Work to be completed:
When you reach the line that contains "[Ichinose Land] Midara", please begin copying, and carry on exactly to the last line of the material, leaving out every picture.

════════

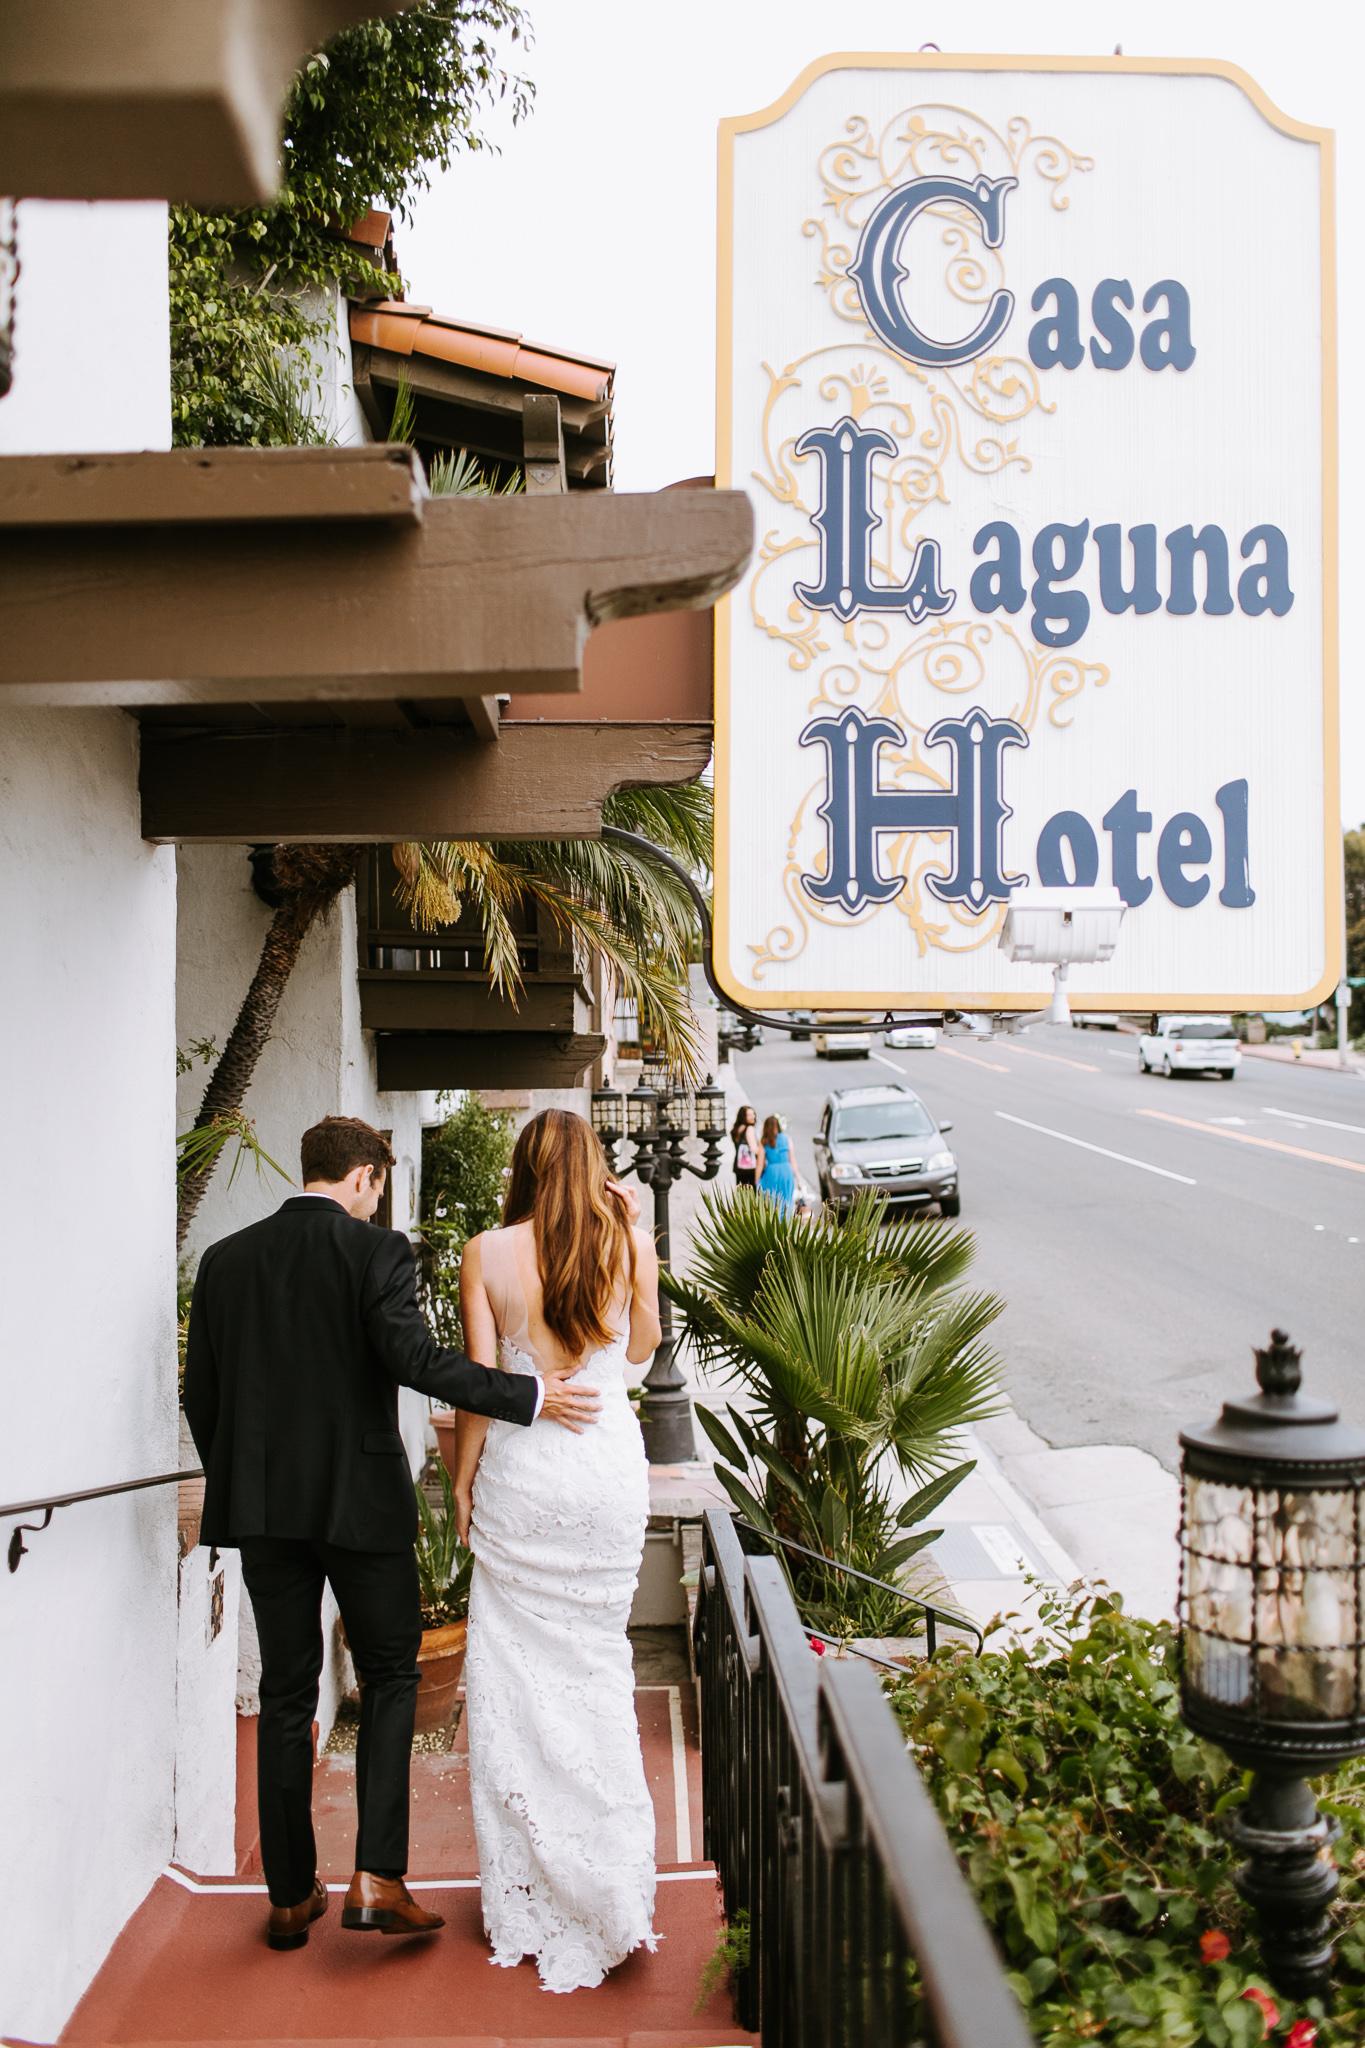 LagunaBeach-WeddingPhotographer-24.jpg
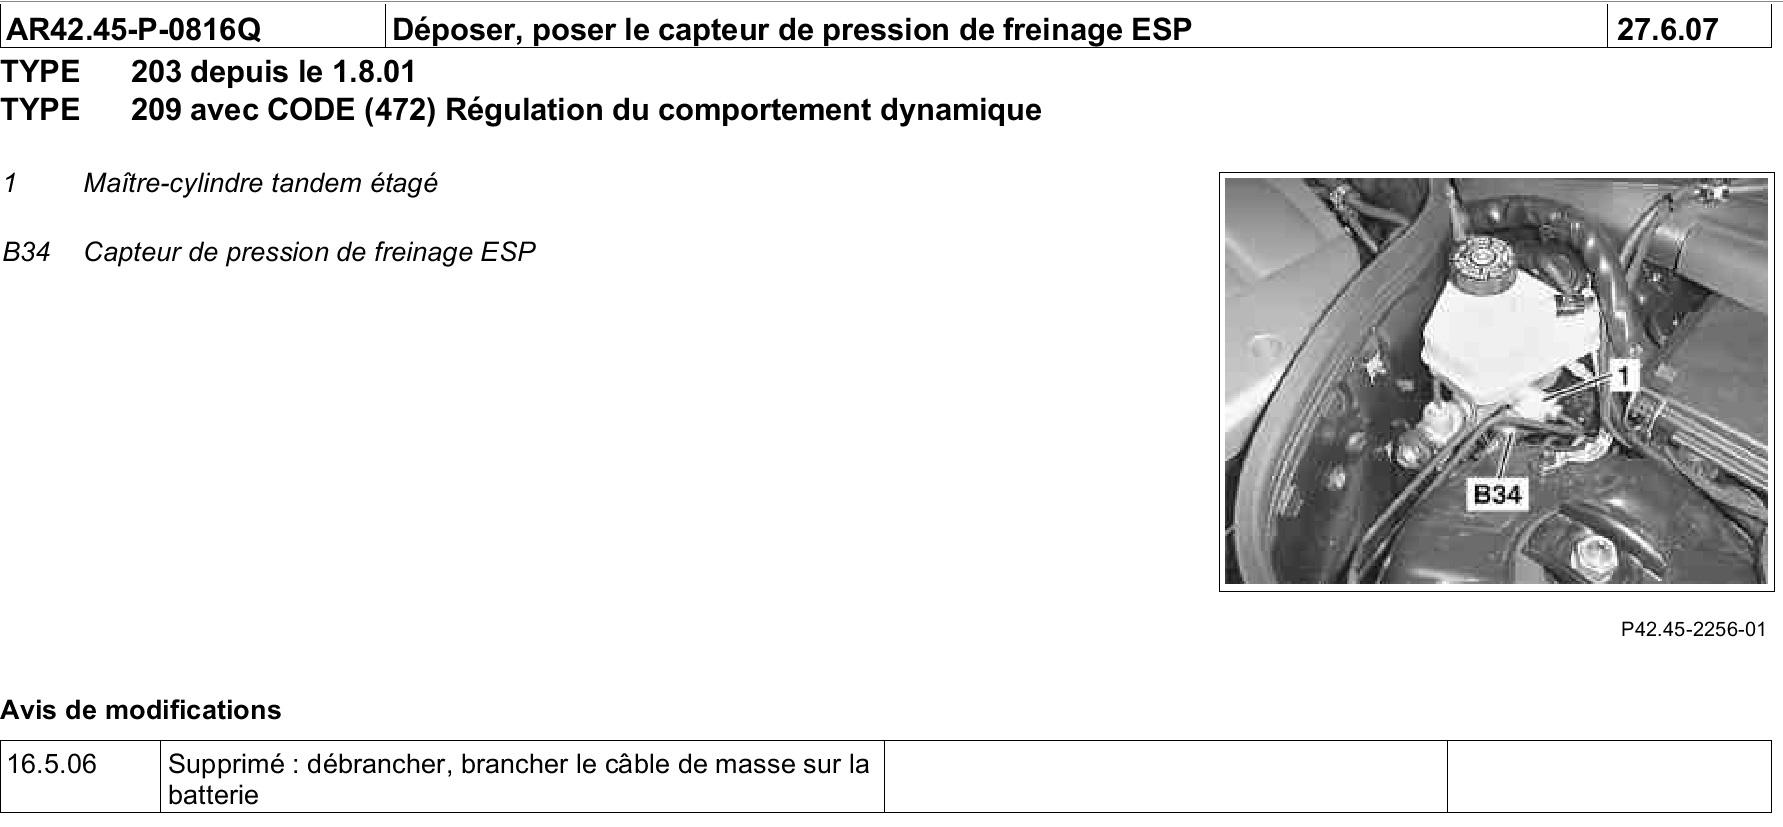 Depose-du-capteur-pression-freinage-ESP-W203-jpg.jpg
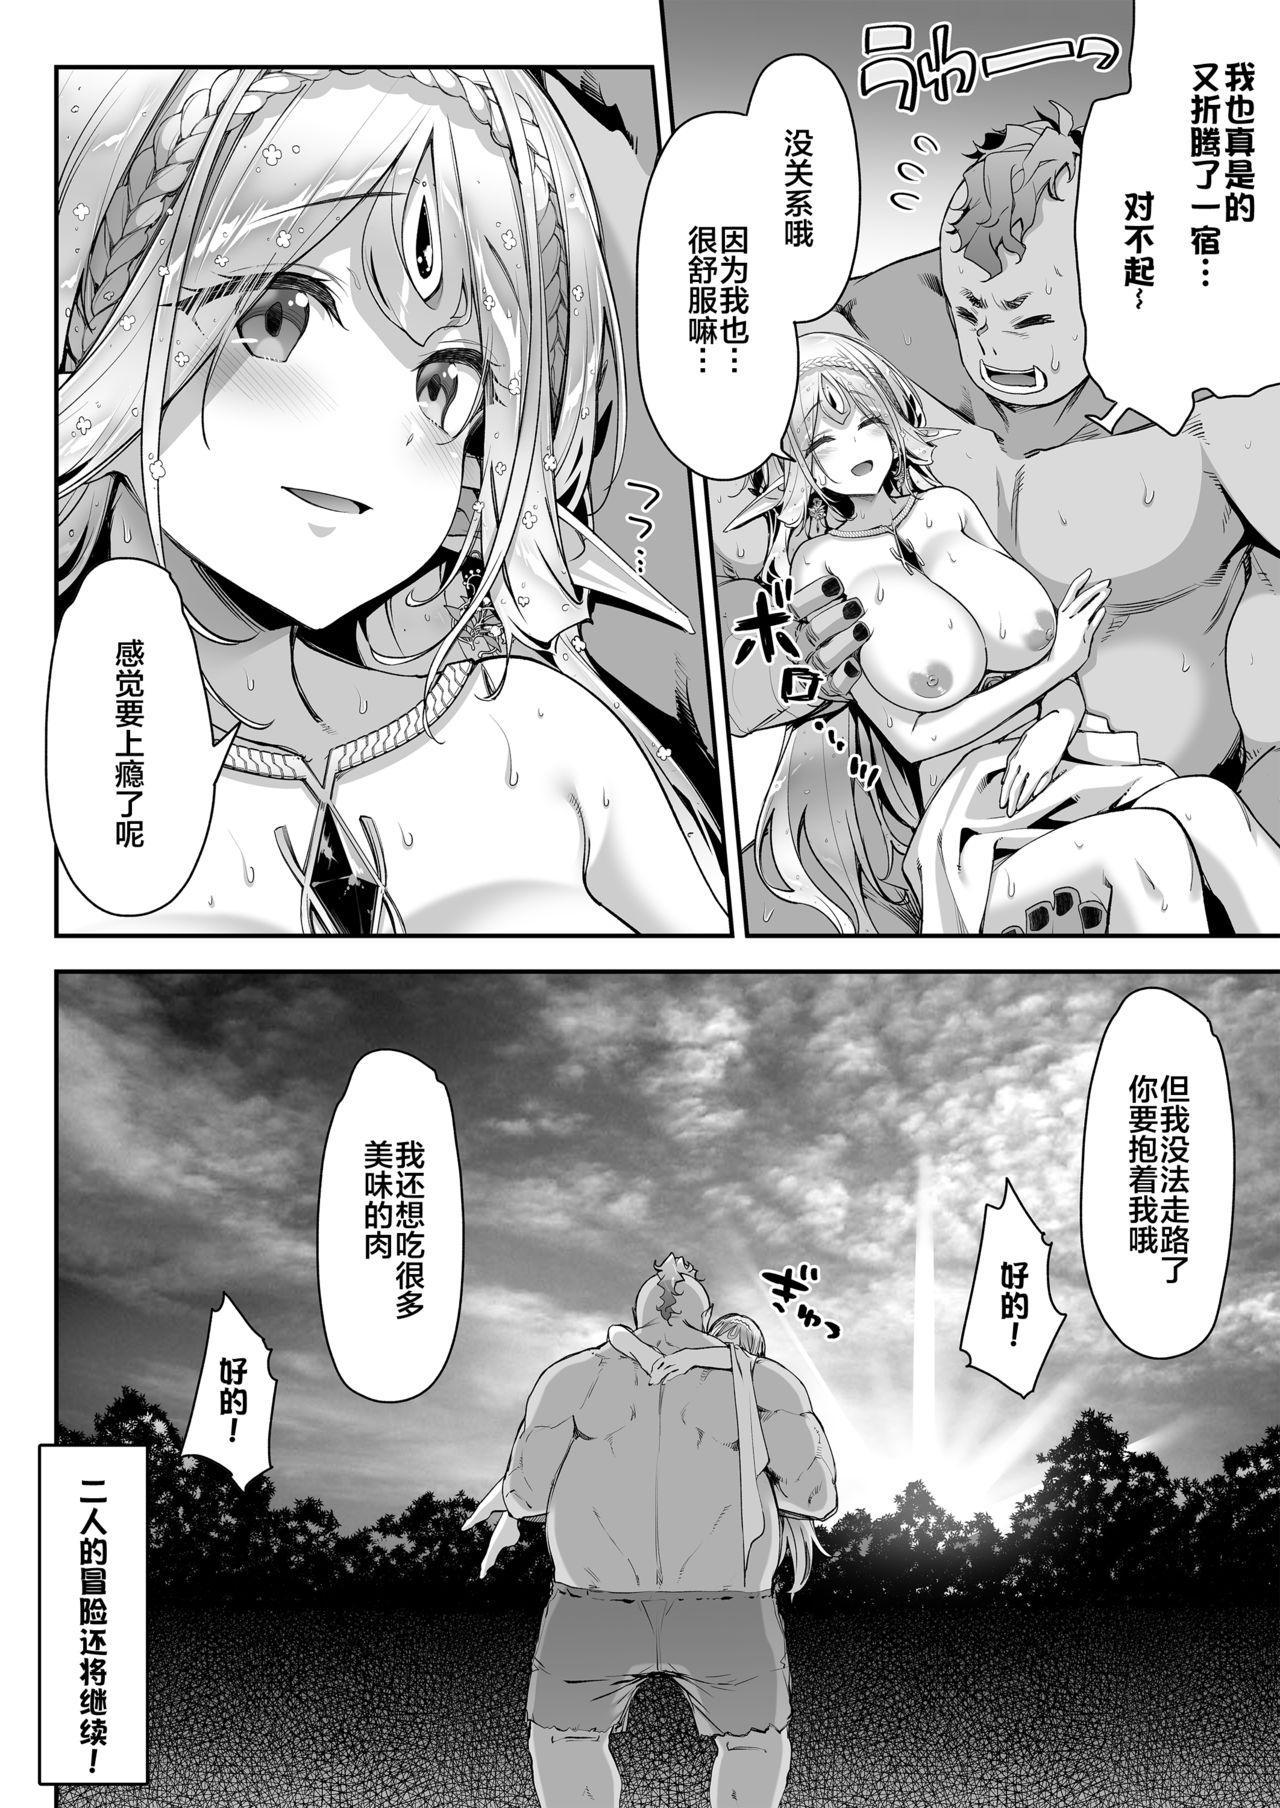 [Ichinose Land] Midara na Elf-san wa Orc-kun ga Osuki [Chinese] [新桥月白日语社] [Digital] 30
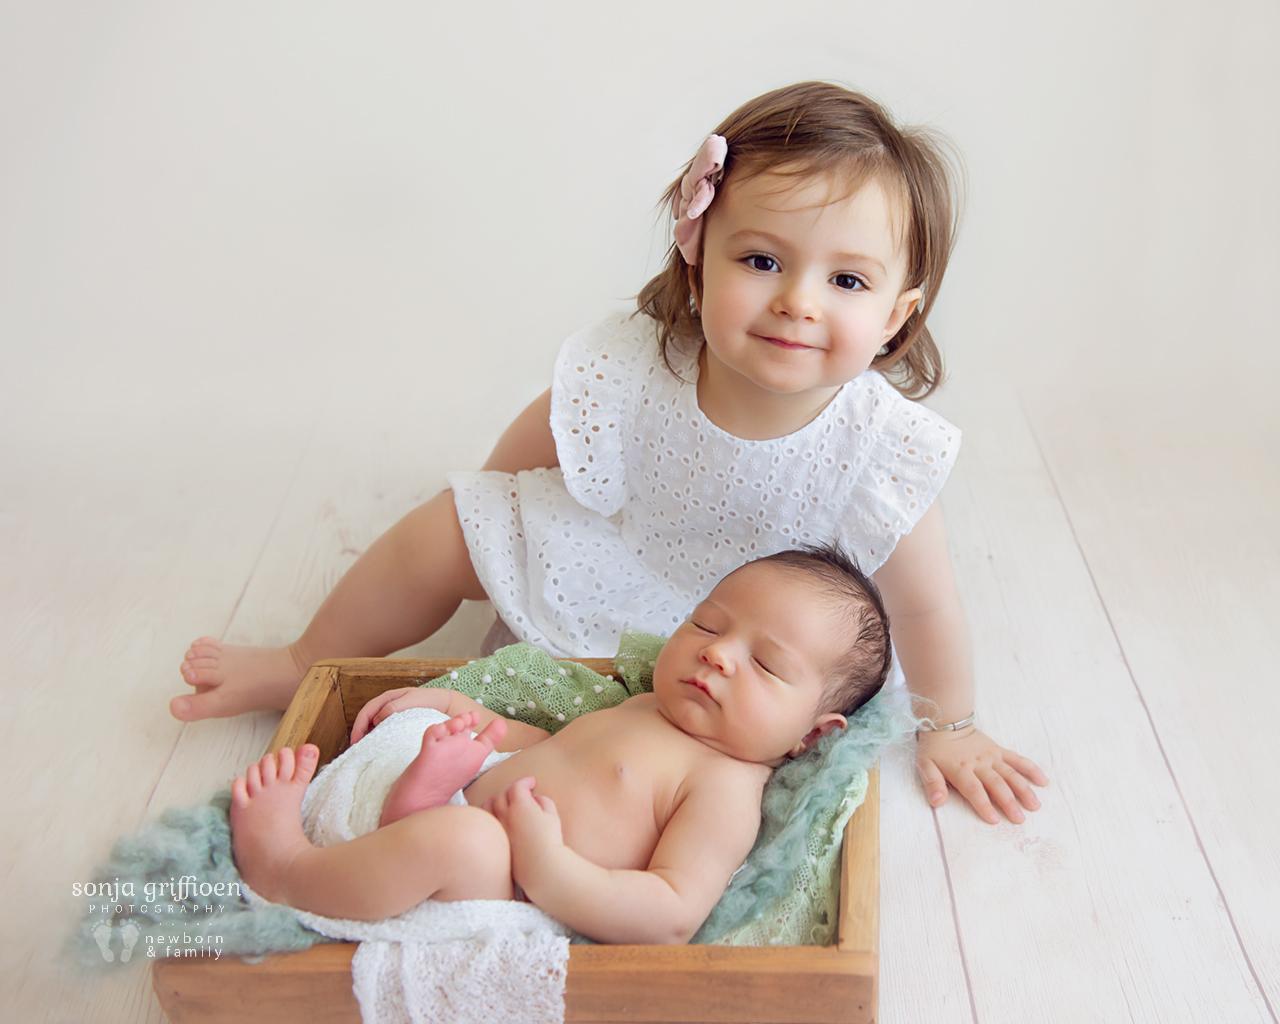 George-Newborn-Brisbane-Newborn-Photographer-Sonja-Griffioen-06.jpg
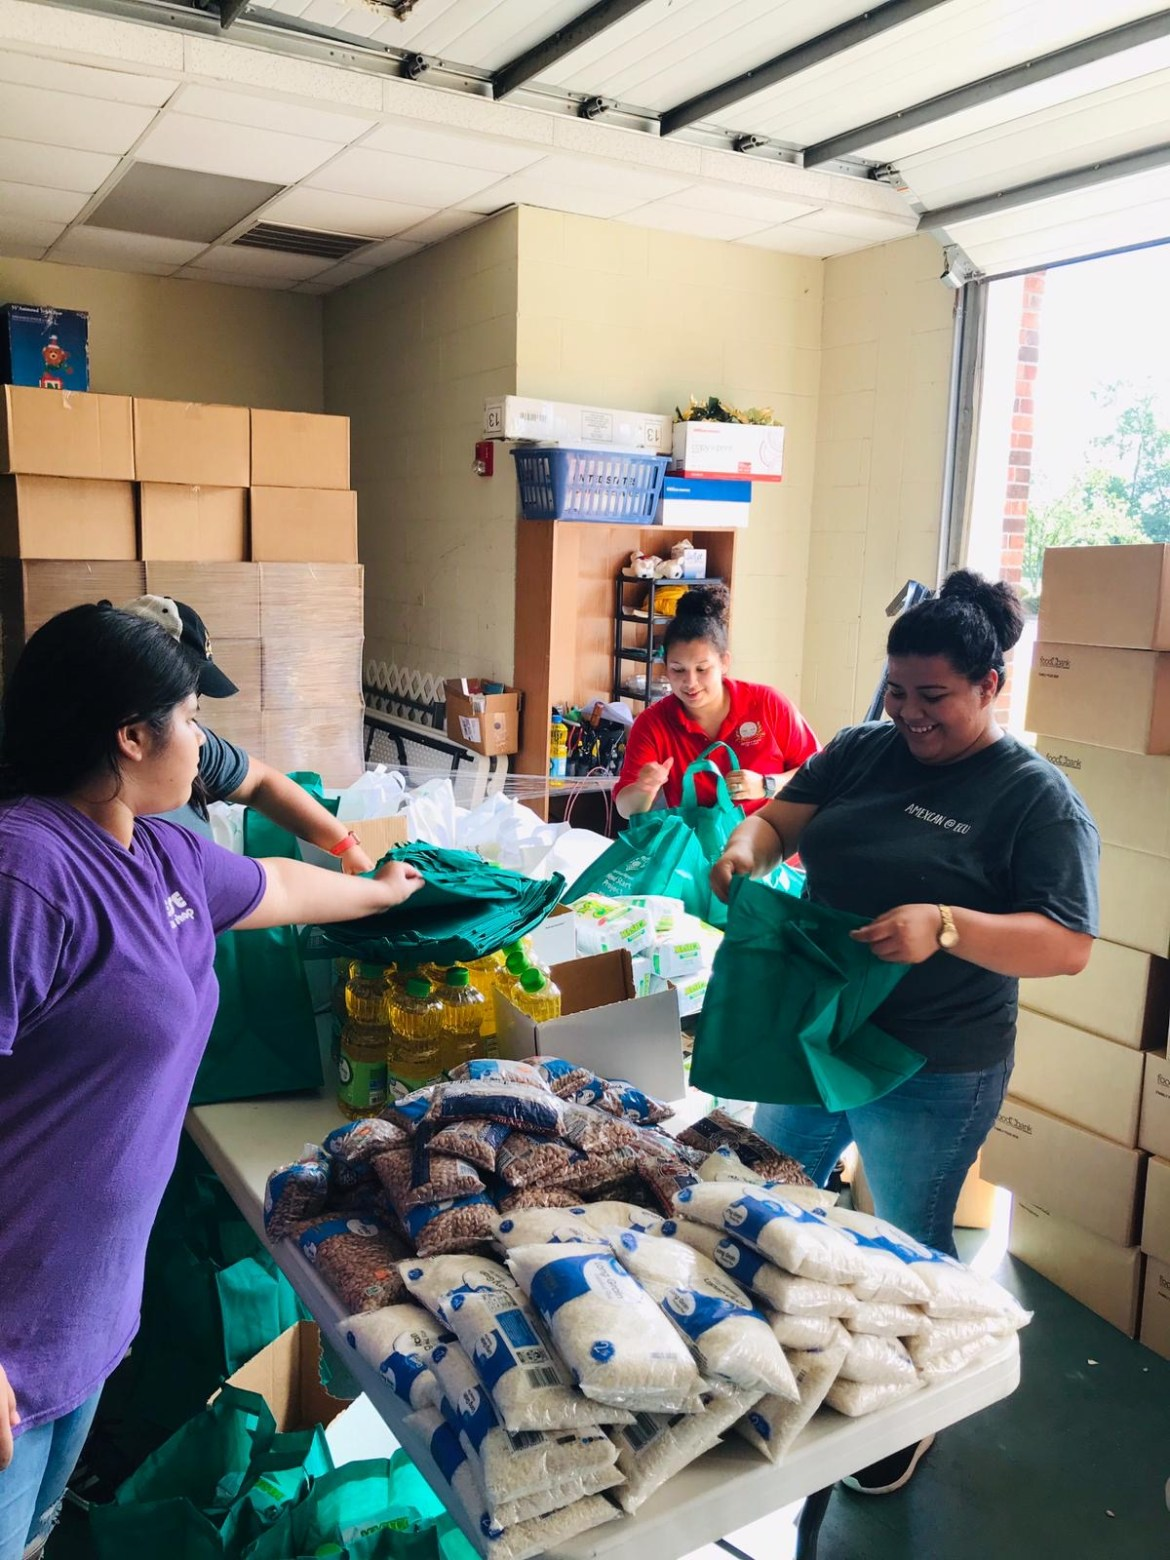 AMEXCAN distribucion de alimentos a familias vulnerables

════════

Result below:
 [Ichinose Land] Midara na Elf-san wa Orc-kun ga Osuki [Chinese] [新桥月白日语社] [Digital] 30
 George-Newborn-Brisbane-Newborn-Photographer-Sonja-Griffioen-06.jpg
 AMEXCAN distribucion de alimentos a familias vulnerables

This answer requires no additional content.